» **Supplied information**:
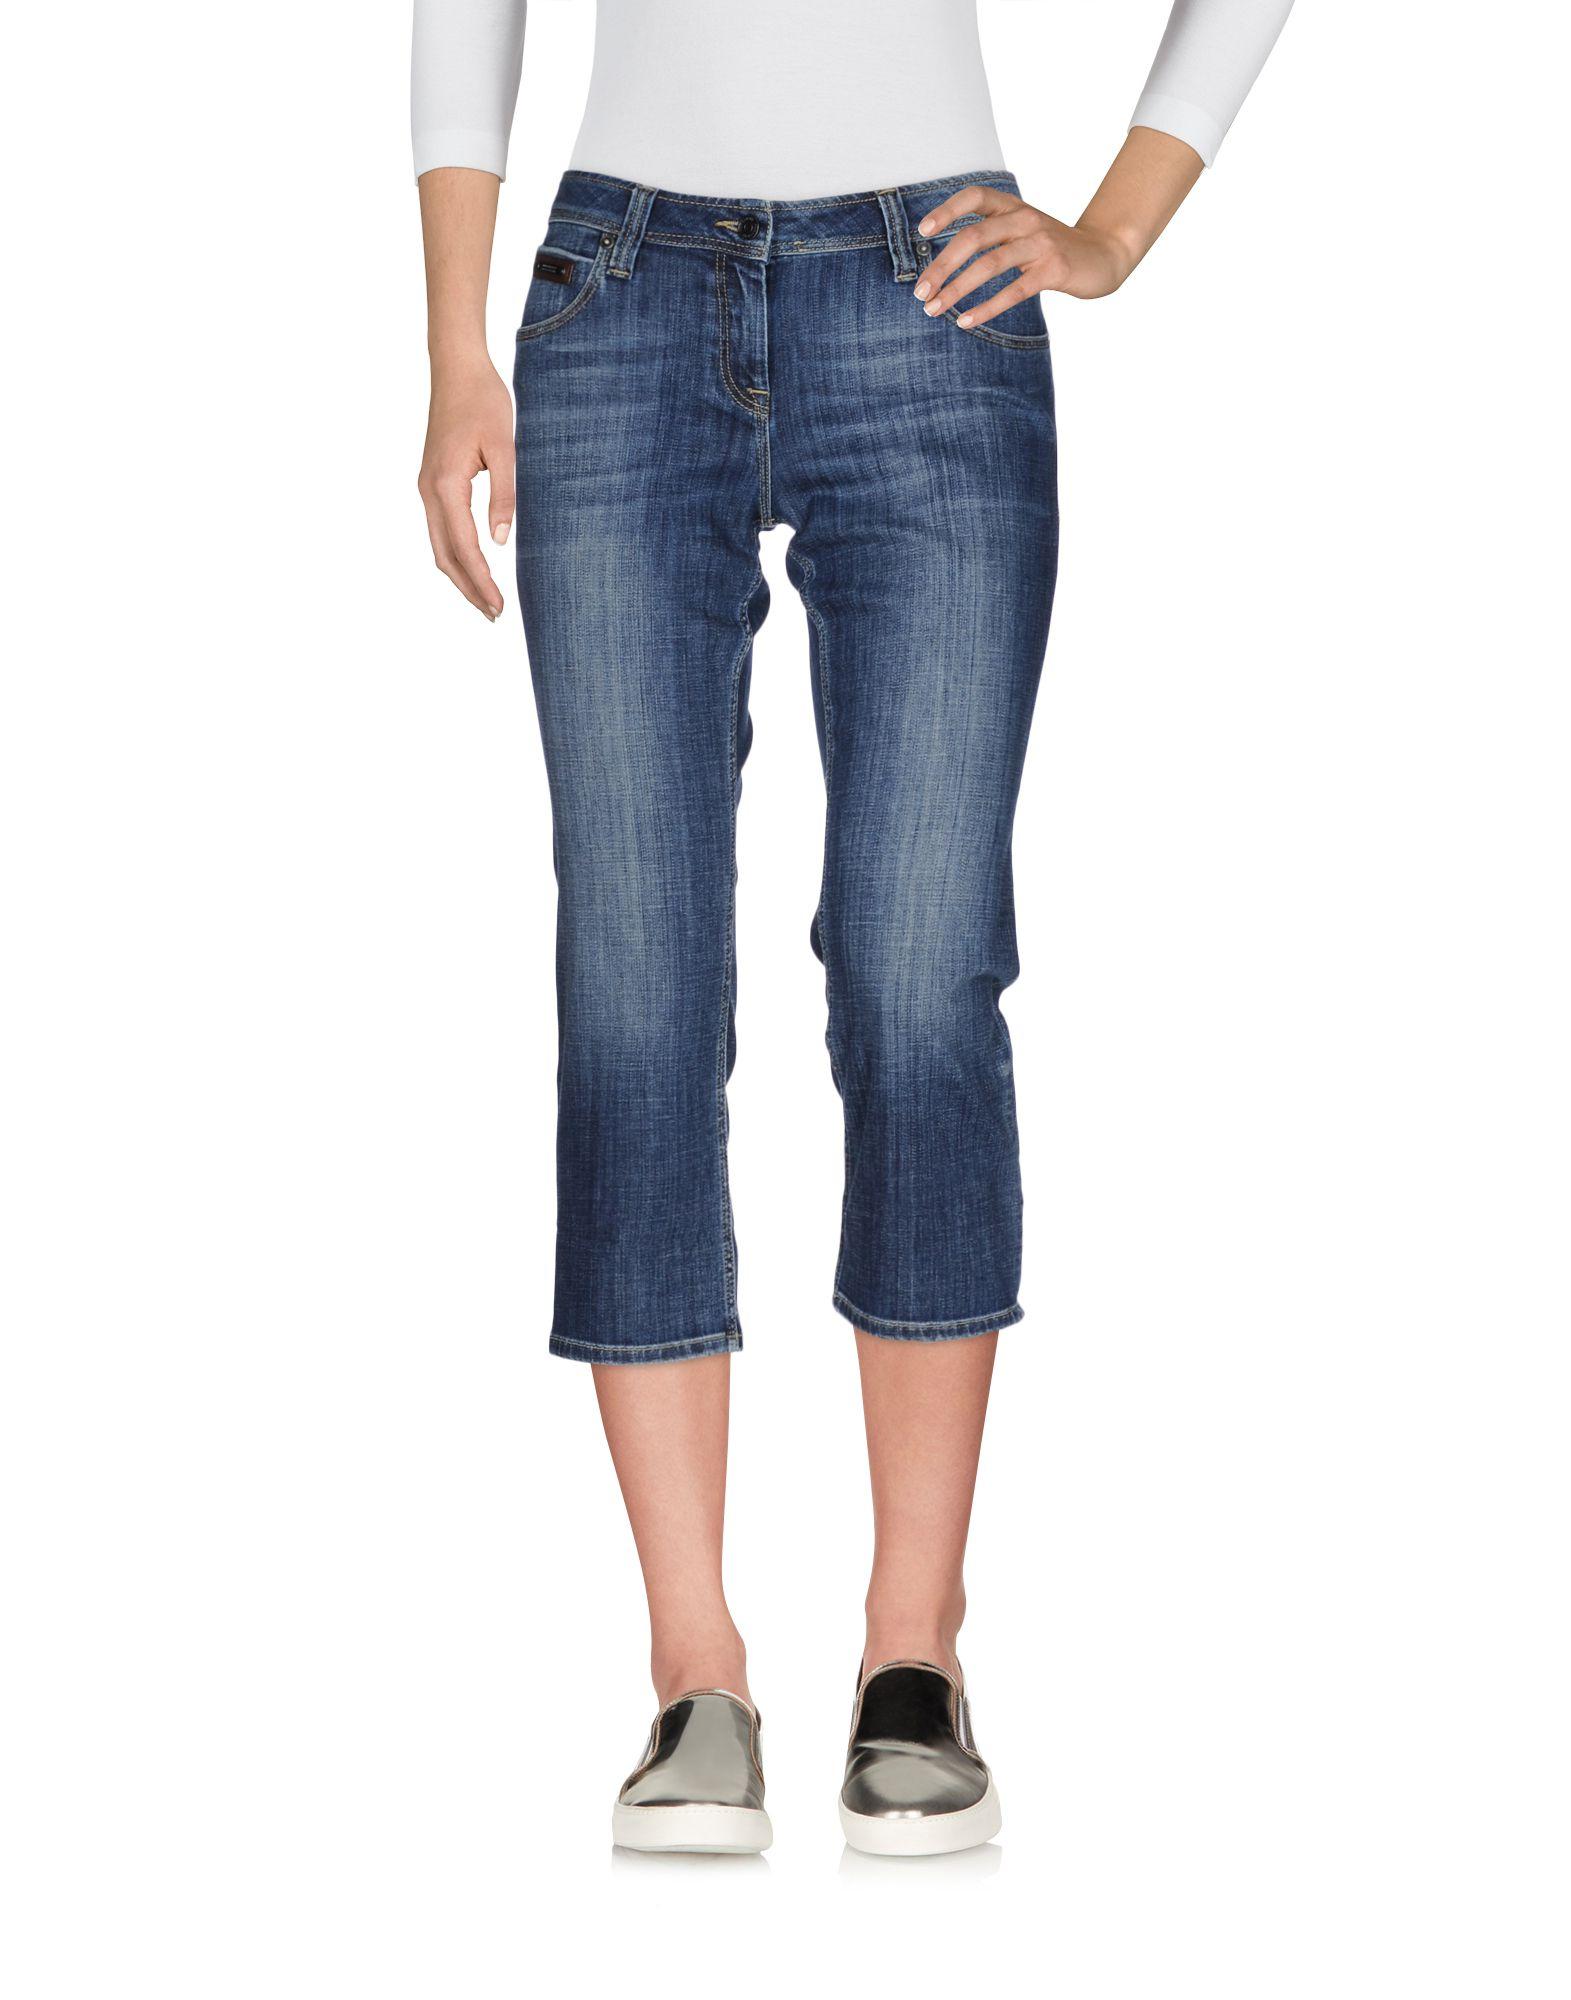 Pantaloni Jeans Burberry Donna - Acquista online su Ty9QCwS0B
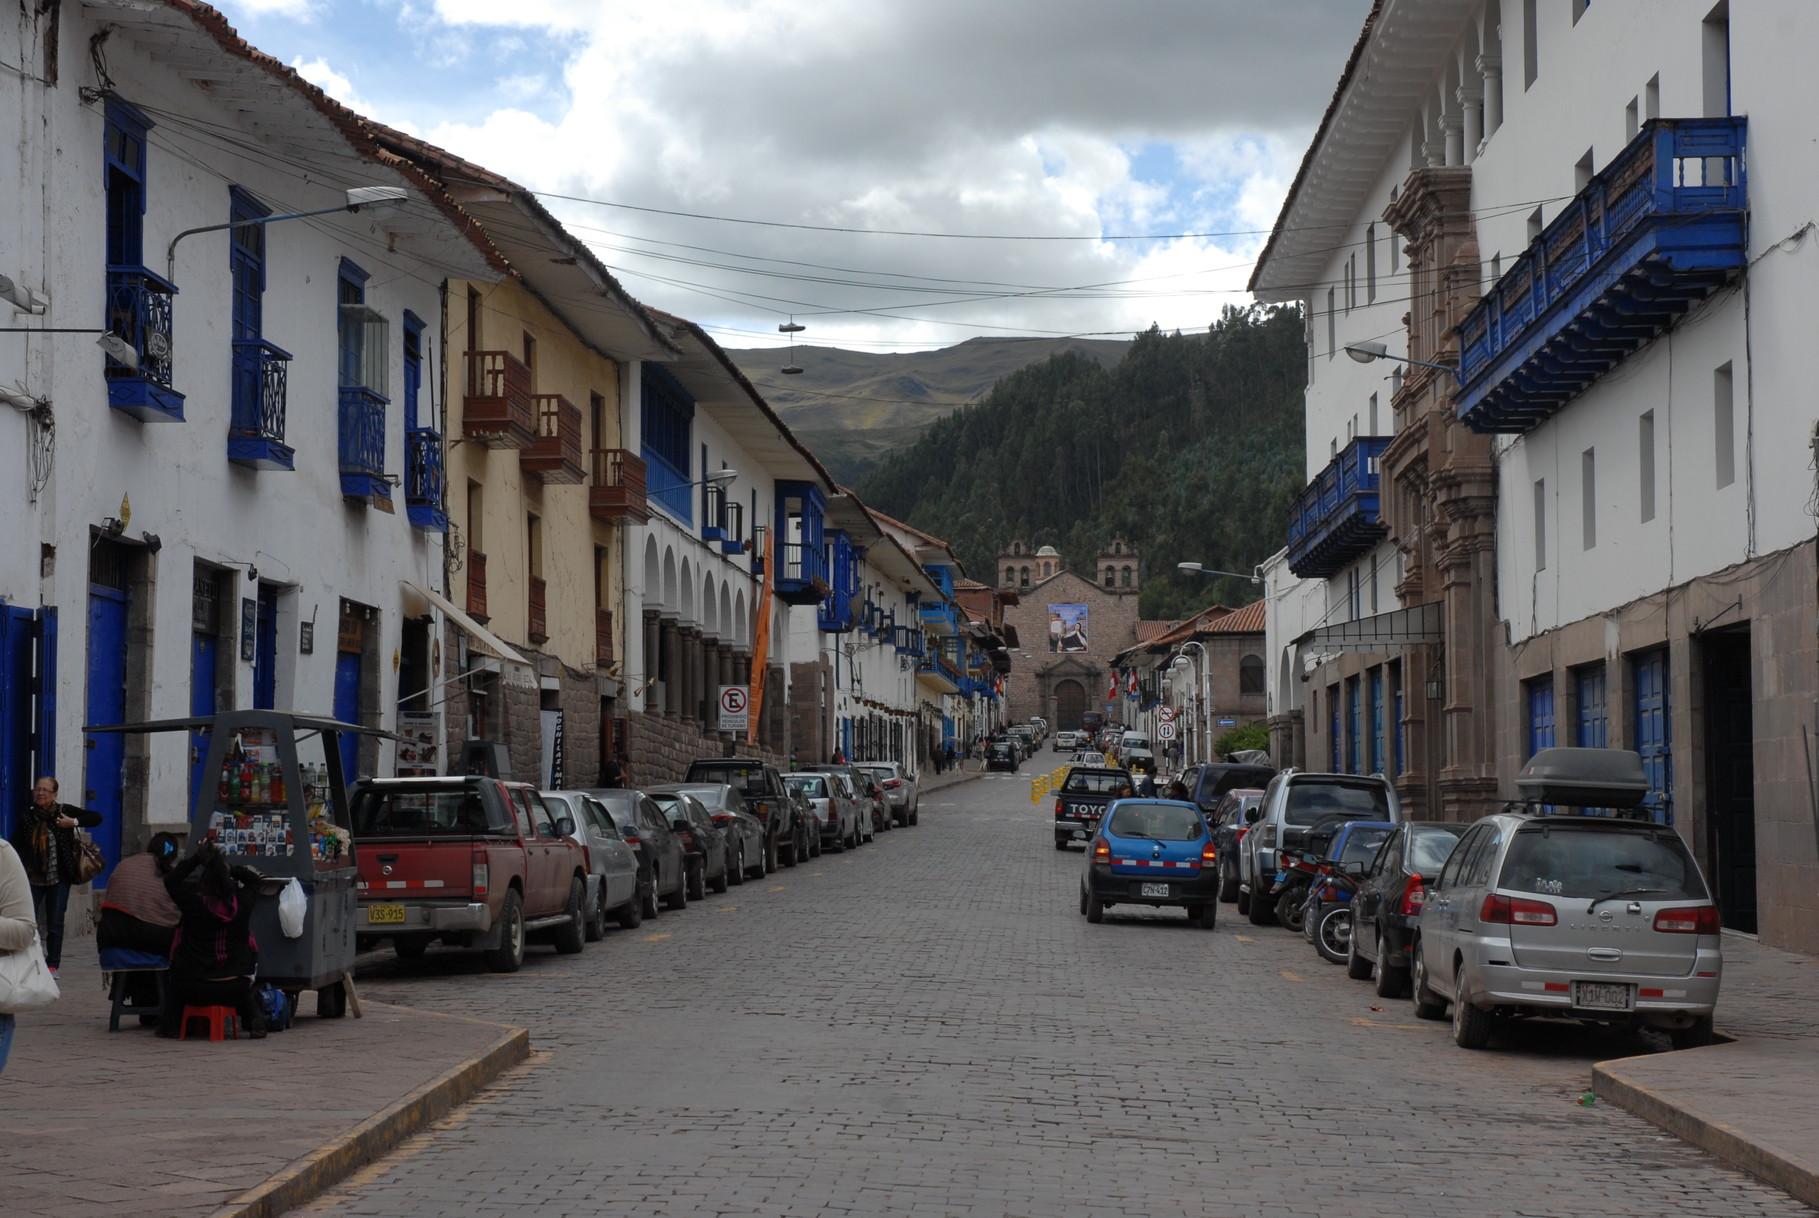 Nette Straßen mit alten Kolonialhäusern in Cusco
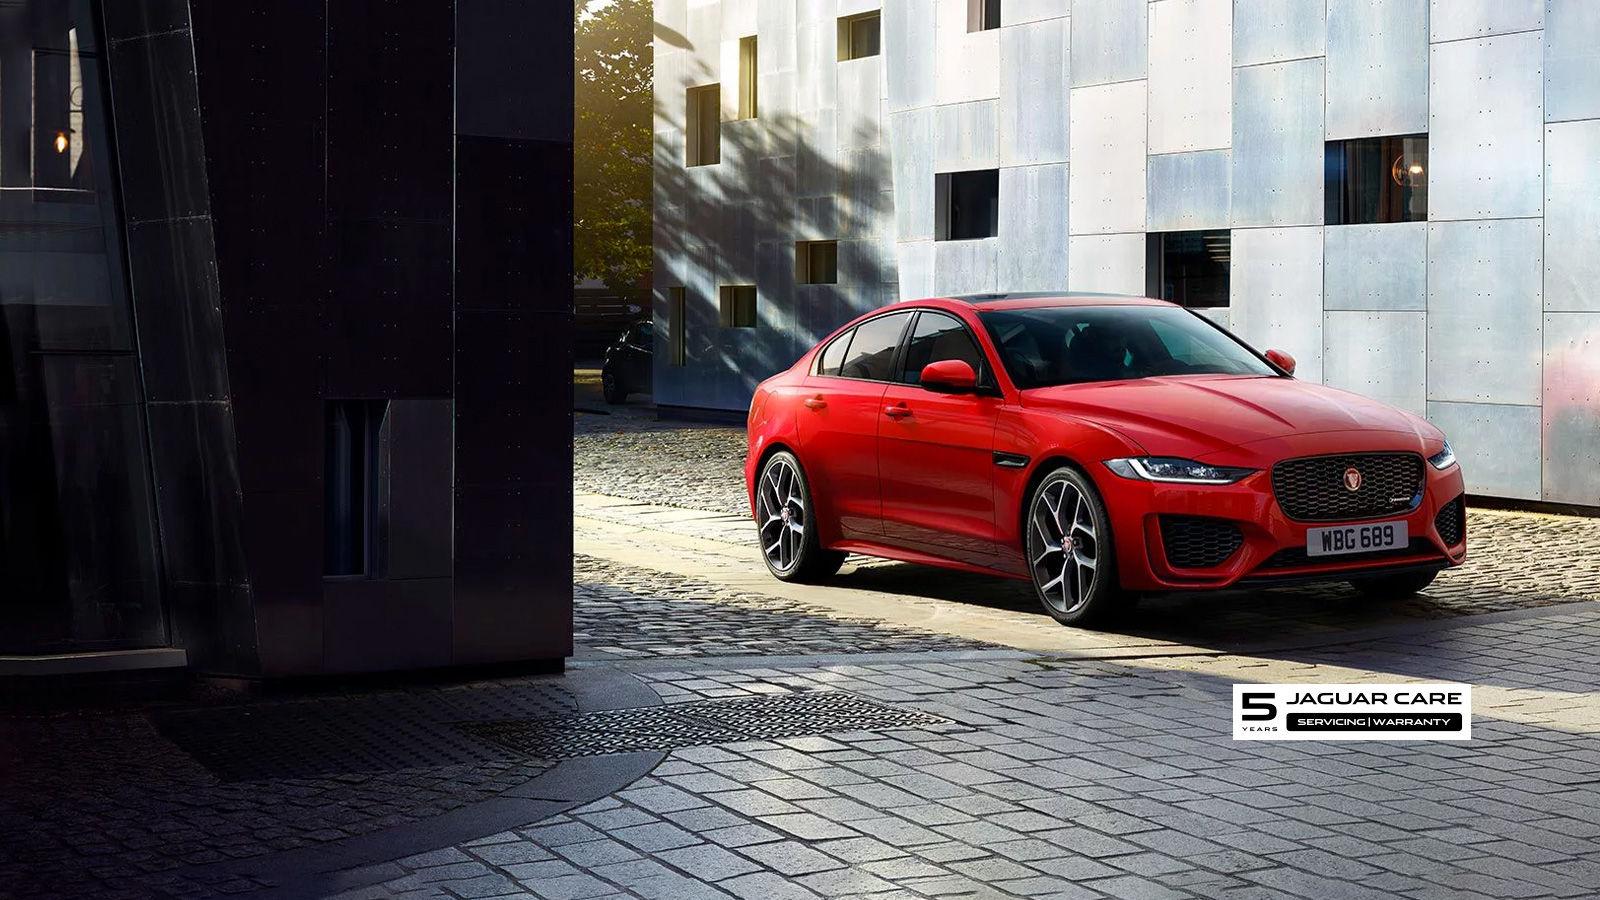 Jaguar Luxury Sedan Sports 4x4 Cars Jaguar 台灣

» **What you are asked to do**:
Retype the listing exactly. Pictures do not belong in the copy.

» **Result of the exercise**:
 Pantaloni Jeans Burberry Donna - Acquista online su Ty9QCwS0B
 Nette Straßen mit alten Kolonialhäusern in Cusco
 Jaguar Luxury Sedan Sports 4x4 Cars Jaguar 台灣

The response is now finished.